Disabling "Require SSO" option is not honored, SSO is still (apparently) required

[rdsedmundo]

Environment

SaaS (https://sentry.io/)

Steps to Reproduce

This is essentially a long-standing bug that had already been reported here in #4633, I don't think it should've been closed.

1. Enable SSO for an organization.
2. Uncheck "Require SSO" ('Require members use a valid linked SSO account to access this organization').

Expected Result

Both options of using email/password and SSO should be allowed if the option is not checked.

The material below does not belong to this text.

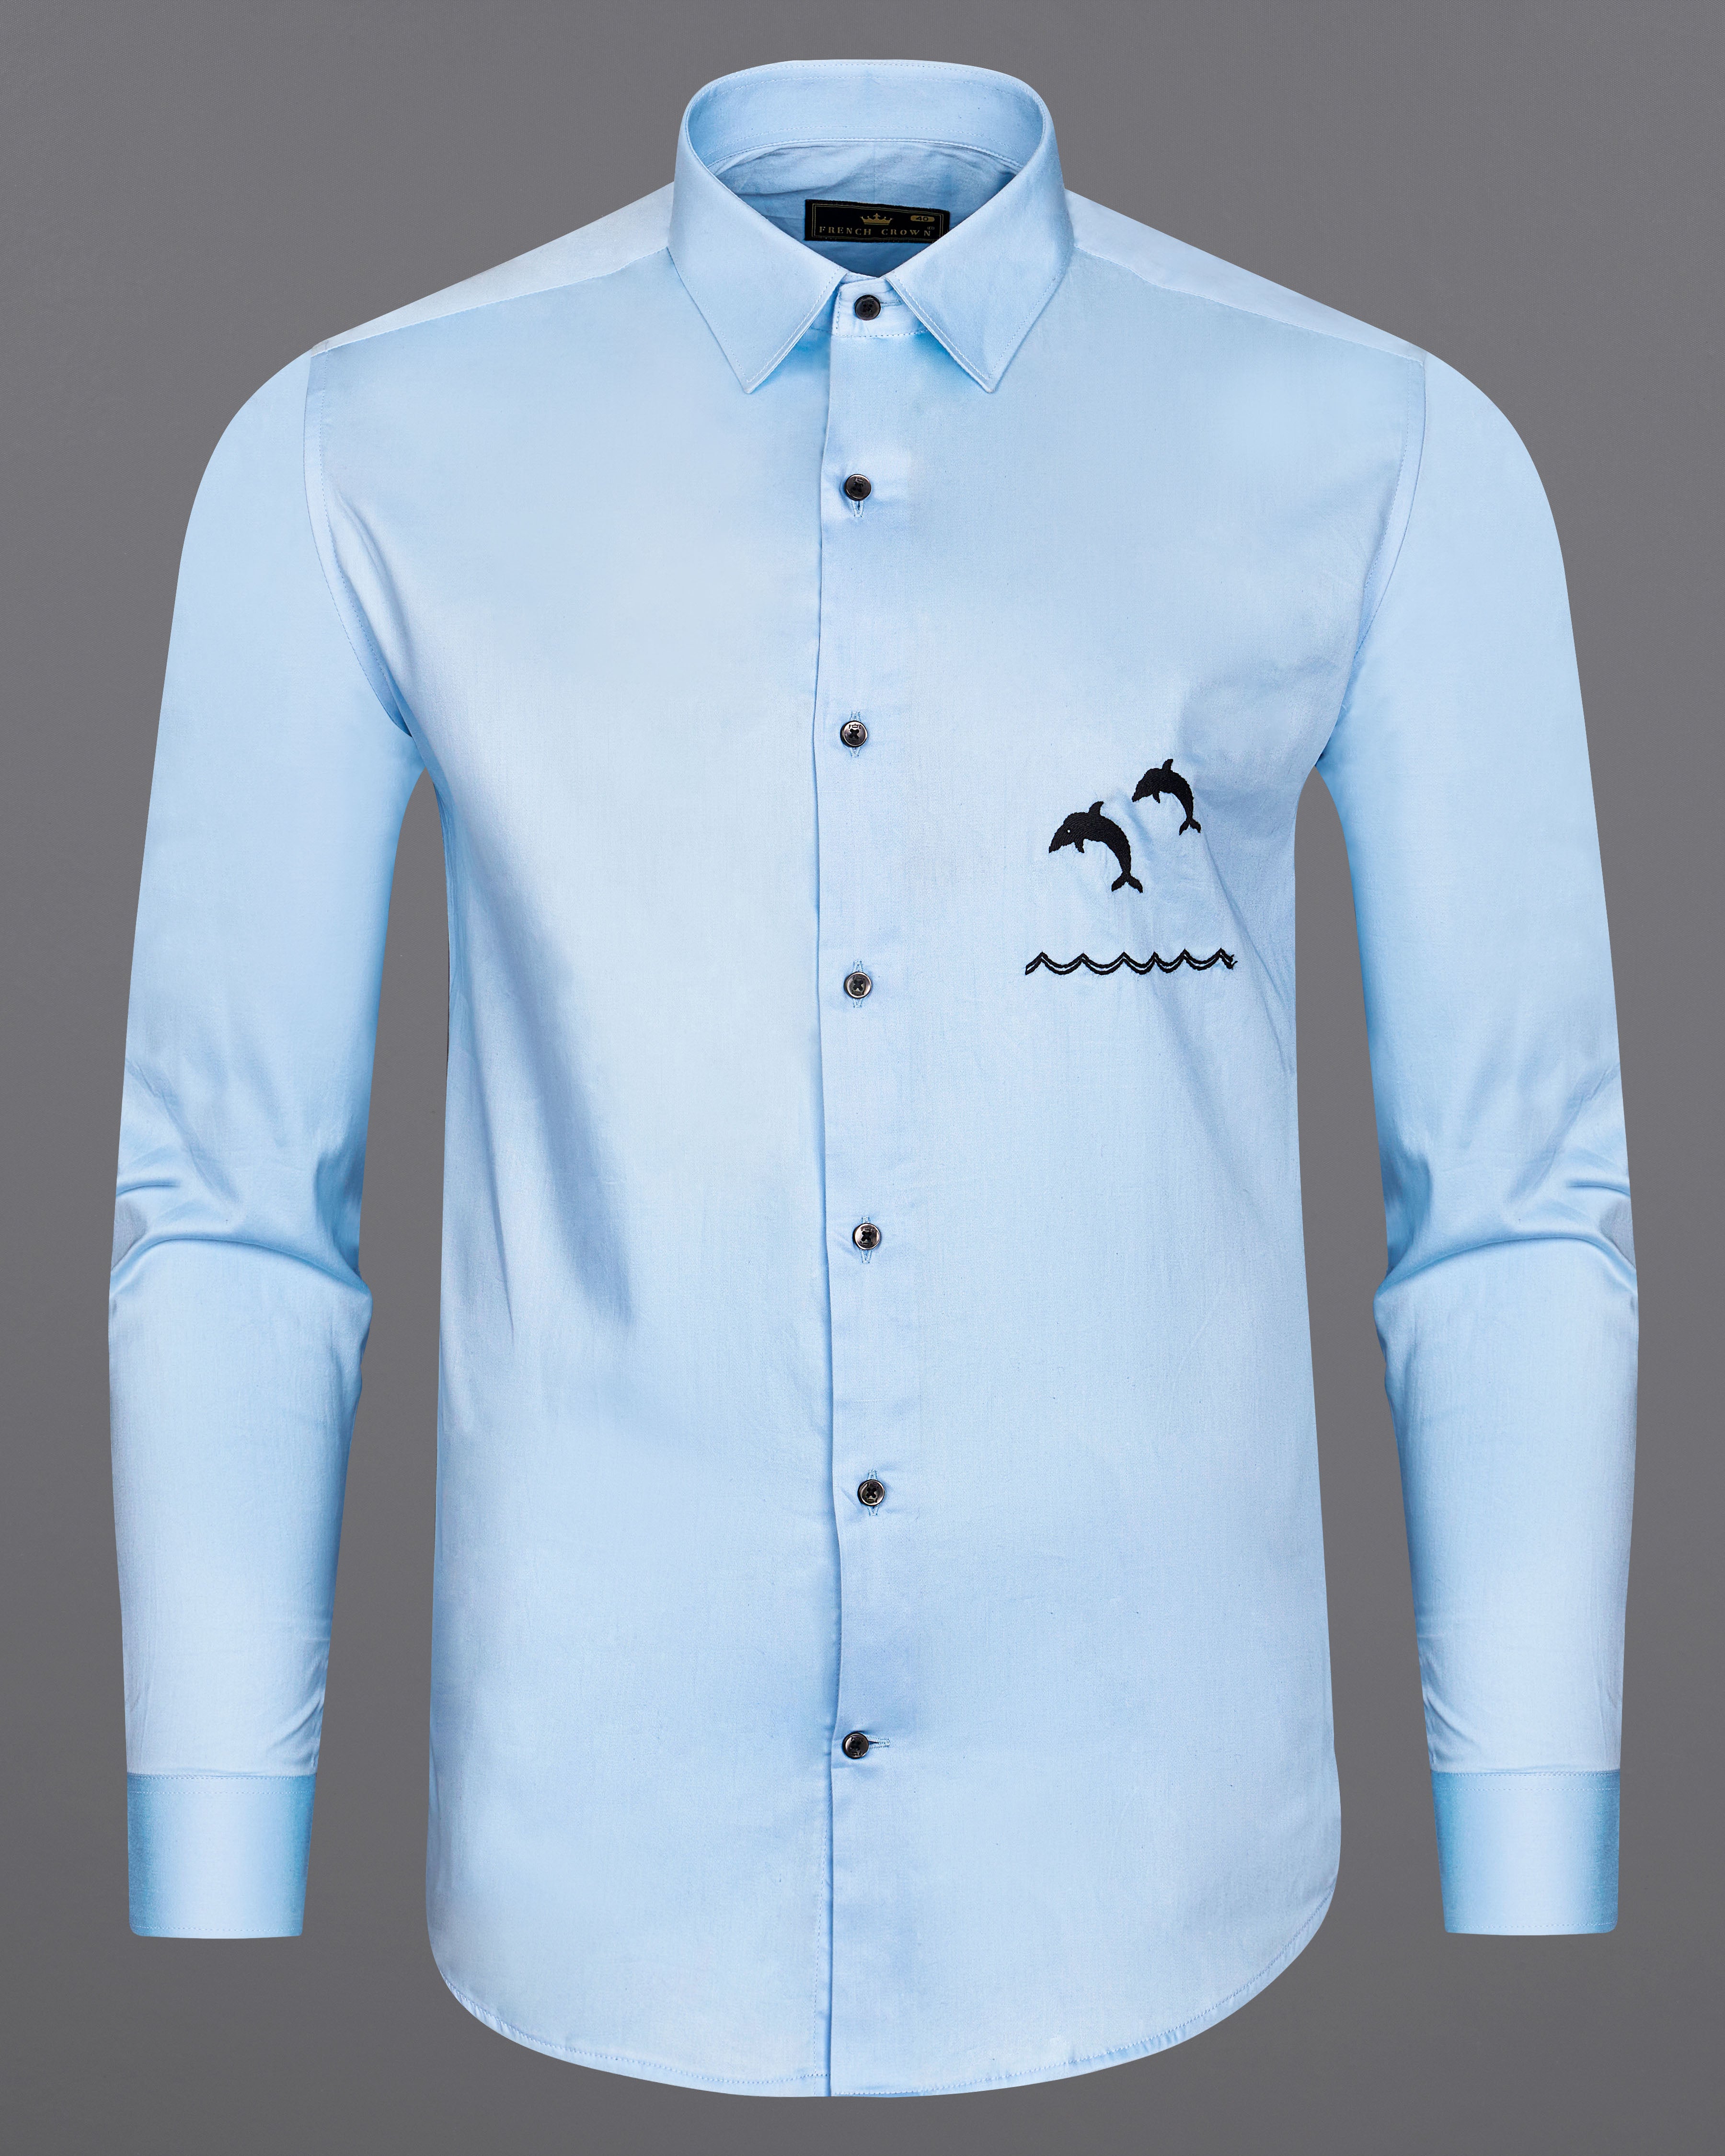 Spindle Blue Fish Embroidered Super Soft Premium Cotton Shirt 8945-BLK-E021-38, 8945-BLK-E021-H-38, 8945-BLK-E021-39, 8945-BLK-E021-H-39, 8945-BLK-E021-40, 8945-BLK-E021-H-40, 8945-BLK-E021-42, 8945-BLK-E021-H-42, 8945-BLK-E021-44, 8945-BLK-E021-H-44, 8945-BLK-E021-46, 8945-BLK-E021-H-46, 8945-BLK-E021-48, 8945-BLK-E021-H-48, 8945-BLK-E021-50, 8945-BLK-E021-H-50, 8945-BLK-E021-52, 8945-BLK-E021-H-52
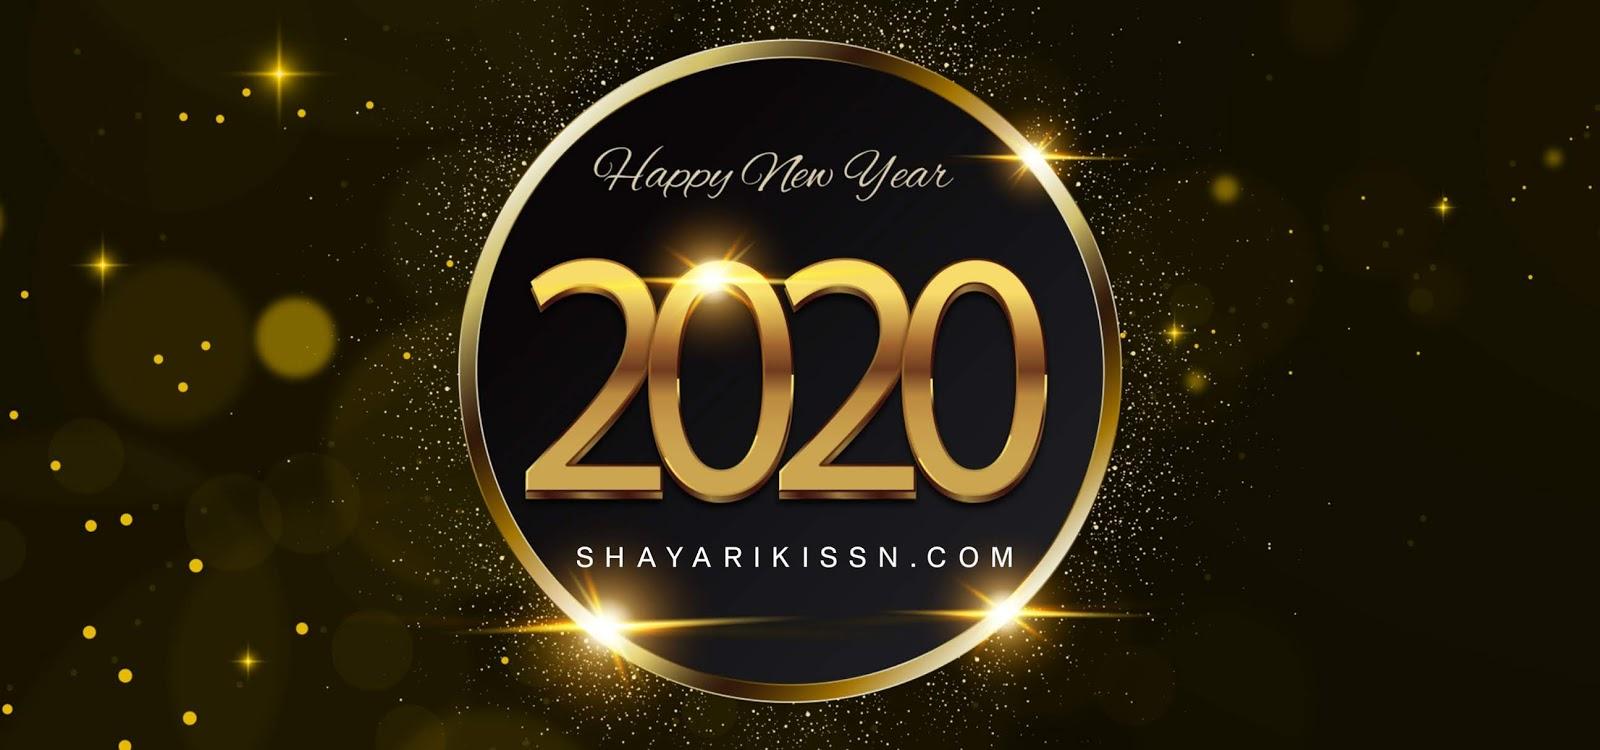 Happy New Year 2020 Wallpaper, Image, Wishes and Quotes

We confirmed that via https://sentry.io/auth/login users are able to get in.

Actual Result

Only SSO is provided, as if "Require SSO" was enabled. We want to be able to log via SSO for internal users, but also allow external parties to register via email. If they access the login page without using the SaaS subdomain it works, which makes the whole experience really odd (see last screenshot).

Configuration:

Result:

Product Area

Sign In

Link

No response

DSN

No response

Version

No response

[getsantry]

Assigning to @getsentry/support for routing ⏲️

[getsantry]

Routing to @getsentry/product-owners-settings-auth for triage ⏲️

[getsantry]

Routing to @getsentry/product-owners-sign-in for triage ⏲️

[leedongwei]

Thanks for the report! We are aware of this issue and taking it into account for the redesign of our auth experience.